Method found to have greater cancer-killing efficiency than existing treatments.

These images show the retention of doxorubicin and ND-DOX in brain tissue, with light microscopic images (upper rows) and fluorescence images detecting fluorescence generated from doxorubicin (lower rows). The images show the distribution of unmodified doxorubicin and ND-DOX after convection-enhanced delivery (CED) at 6, 16, 24 and 72 hours.

These images show the retention of doxorubicin and ND-DOX in brain tissue, with light microscopic images (upper rows) and fluorescence images detecting fluorescence generated from doxorubicin (lower rows). The images show the distribution of unmodified doxorubicin and ND-DOX after convection-enhanced delivery (CED) at 6, 16, 24 and 72 hours.

Researchers at UCLA’s Jonsson Comprehensive Cancer Center have developed an innovative drug-delivery system in which tiny particles called nanodiamonds are used to carry chemotherapy drugs directly into brain tumors. The new method was found to result in greater cancer-killing efficiency and fewer harmful side effects than existing treatments.

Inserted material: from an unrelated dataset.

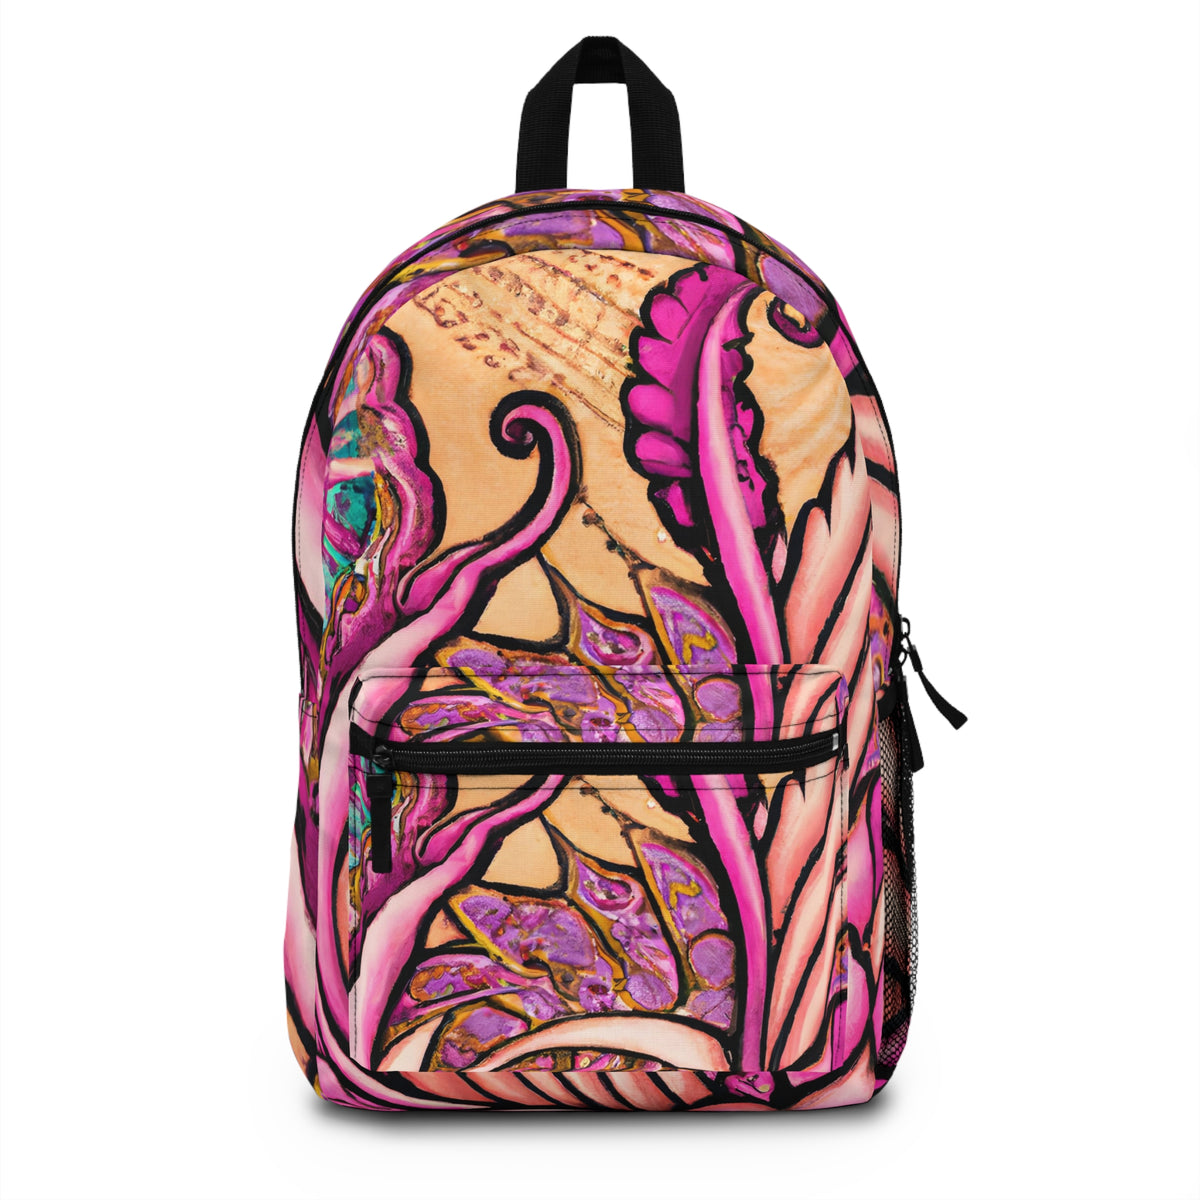 GlamourGal - Gay-Inspired Backpack

The research, published in the advance online issue of the peer-reviewed journal Nanomedicine: Nanotechnology, Biology and Medicine, was a collaboration between Dean Ho of the UCLA School of Dentistry and colleagues from the Lurie Children’s Hospital of Chicago and Northwestern University’s Feinberg School of Medicine. Ho co-directs UCLA Dentistry’s Weintraub Center for Reconstructive Biotechnology and is a professor in the division of oral biology and medicine, the division of advanced prosthodontics, and the department of bioengineering.

Glioblastoma is the most common and lethal type of brain tumor. Despite treatment with surgery, radiation and chemotherapy, the median survival time for glioblastoma patients is less than one-and-a-half years. The tumors are notoriously difficult to treat, in part because chemotherapy drugs injected alone often are unable to penetrate the system of protective blood vessels that surround the brain, known as the blood–brain barrier. And those drugs that do cross the barrier do not stay concentrated in the tumor tissue long enough to be effective.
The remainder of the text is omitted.